Top TV Lawyers

There is no question that we love TV shows that tell stories about crime, courts and lawyers. In every decade over the past fifty years, shows that featured lawyers have rated high in the Nielsen rankings.

Here’s a few of my old favorites:


From 1957 to 1966 Perry Mason represented the ideals of the consummate barrister. He was whip smart, but never cocky, calm and deliberate, kind and gracious and ever the perfect gentleman. He also never lost a case because when it came down to the wire, a witness walked into the court room who revealed a spectacular truth that completely exonerated his client and often identified the real criminal. Even today, those startling court scenes as portrayed in the show are called “Perry Mason moments” and of course, they never happen in real life.


This show ran on the BBC from 1978 to 1992. Rumpole was an aging barrister who took almost every case that came his way, very often representing ne’er-do -wells who were as guilty as sin. His motto was that every person deserved a defence; he rarely plead a client guilty and he never submitted to a plea deal.

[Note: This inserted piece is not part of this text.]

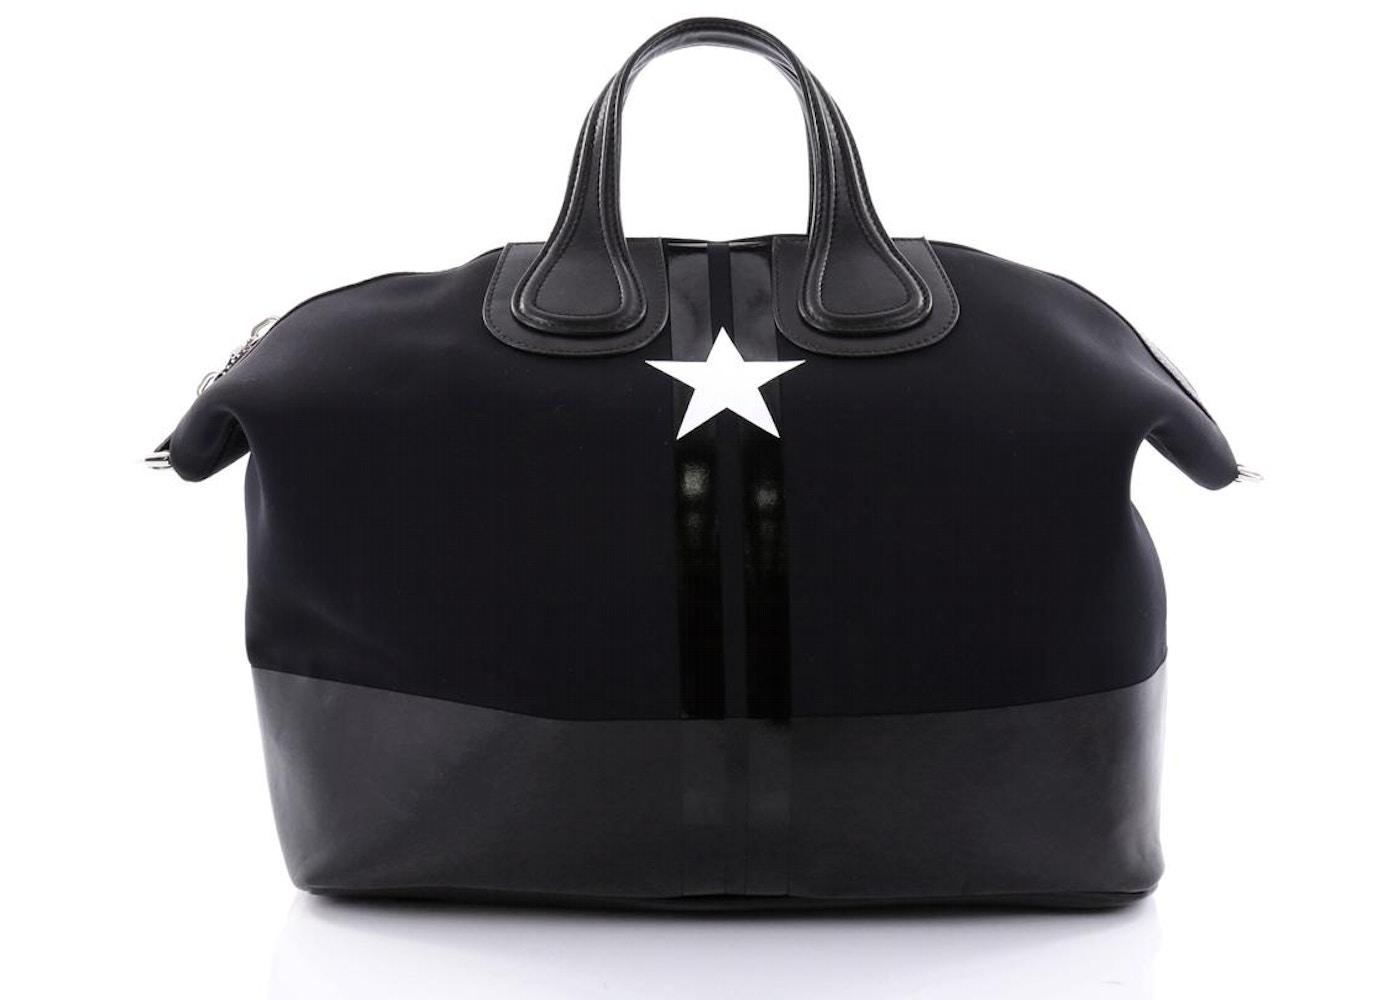 fc93f14b85c4 Buy   Sell Givenchy Nightingale Handbags - Average Sale Price
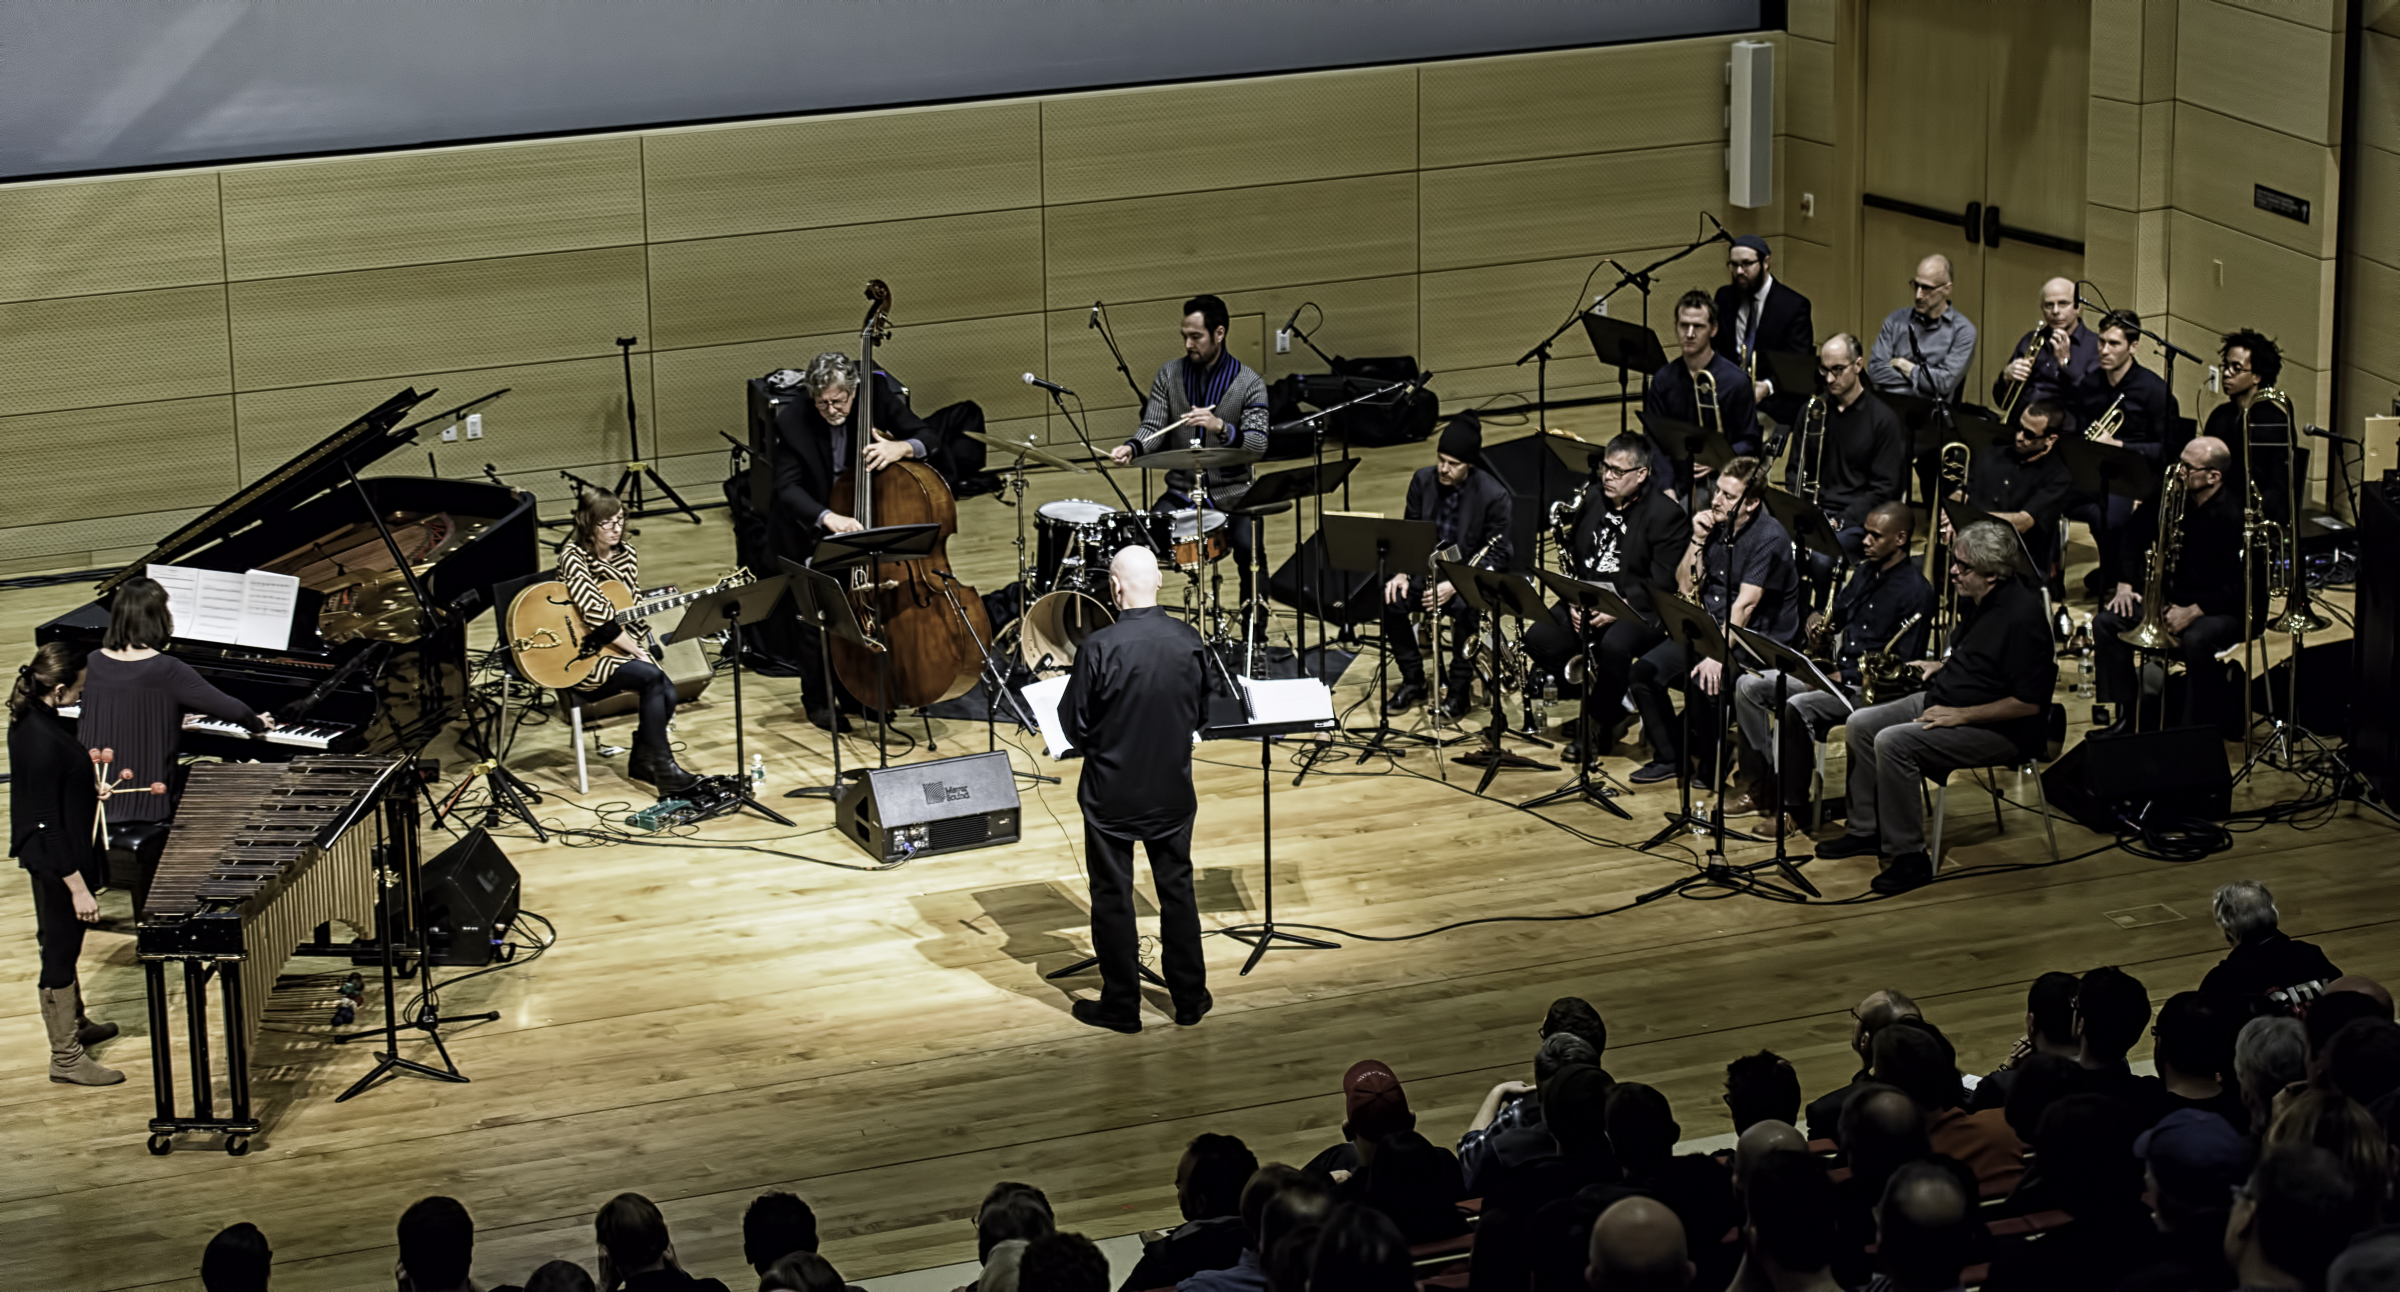 Mark Helias Conducting Michael Formanek's Ensemble Kolossus At The Nyc Winter Jazzfest 2016

Rumpole referred to himself as “an old Bailey hack” referring to the venerable criminal court in London England. While his family tried to persuade him that at his age he should move on to more dignified work such as a Queen’s Counsel or Circuit Judge, Rumpole referred to those people as “Queer Customers” and “Circus Judges”.

Rumpole was a crusty barrister with a fondness for cigars and more often than not arrived in court with cigar ash trailing down his court gown with his barrister’s wig askew.

A charming part of the story line was Rumpole’s wife who was a lot smarter than he was. Rumpole referred to her as “She Who Must Be Obeyed”. A classic British television series written by John Mortimer, an English lawyer.


This American courtroom drama aired between 1961 and 1965. Actors E.G. Marshall and Robert Reed played a father and son defence team. Unlike Perry Mason and Rumpole, these lawyers did not win all their cases as they tackled social issues such as neo-Nazi’s, conscientious objectors, pornography, atheism, mercy killing, the Hollywood Black List, and capital punishment, to name a few.

A 1962 episode centered on The Defenders defence of an abortionist. Three of the show’s premier sponsors refused to run their commercials during this episode. The show won thirteen Emmy Awards including three in a row for “Outstanding Drama Series”.

Tell me, who are your favorite TV lawyers?